A few years ago, we wondered how we were going to send the massive amount of data from remote sensors to the data center or the cloud. Pushing all of the data onto the public networks would break the piggy bank. The most common answer was not to send it all. "Just send abnormal readings with a time stamp." (Remember Y2K?) Suppose other sensors were reporting abnormal readings when the other one wasn't. We would miss that, and it is probably meaningful. In other words, the capture of data is already changing. Of course, a better answer did come along, to build smarter sensors that can do some of their processing, but that's the same problem all over again. The locally processed data isn't raw anymore.

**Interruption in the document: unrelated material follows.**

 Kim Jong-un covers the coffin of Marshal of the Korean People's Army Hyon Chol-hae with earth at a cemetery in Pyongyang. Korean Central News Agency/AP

So it boils down to what we call the provenance of data that begins with what we identify as the source, though it rarely is. What if we could dispatch robots to investigate the logic of programs that create and store the data the first time, a sort of technical introspection? About fifteen years ago, Tom Hite co-founded Metallect, now of VMWare, and patented a system to do just that.
You need an inventory, not only of the applications themselves, but the semantics of the applications - what they mean, what they do, and how they relate to other resources. A relational schema is a representation of a model; an ontology is a model. A relational schema is passive; it is not capable of analyzing itself. An ontology model is a run time model, as it can introspect itself and produce new information that is not given to it directly.
What if all data collected the first time is tagged by its application or device and carries that tag wherever it goes? And is augmented by each handling or transformation? Forget about rows and columns. That won't work. This may be cumbersome, but not if smart tools are handling it.
Semantic representation differs from descriptions or definitions in that they capture the relationships between things. Using a trivial analogy, consider a set of Tinker Toys® without the connectors. A metadata repository is useful as a reference tool. Still, to determine what resources are dependent on other resources or the context in which they interact, a metadata repository is just a database. The sticks are all there, but the connectors exist only outside the metadata - in the staff's knowledge that constructs queries.
On the other hand, a semantic map is a structure that allows computer programs to reason and draw inferences about things, such as a parts catalog that knows to reject an order without needing a business rule, stored procedure, or application program: the semantic map stores the sticks and the connectors. Also, unlike metadata in a relational database, a semantic map is a run-time system. Because of their graph-based structure, they are dynamic and capable of expanding their knowledge as they work by finding implicit expertise within its structure.
Finding a way to capture the original intent of data and using it will only work with this approach.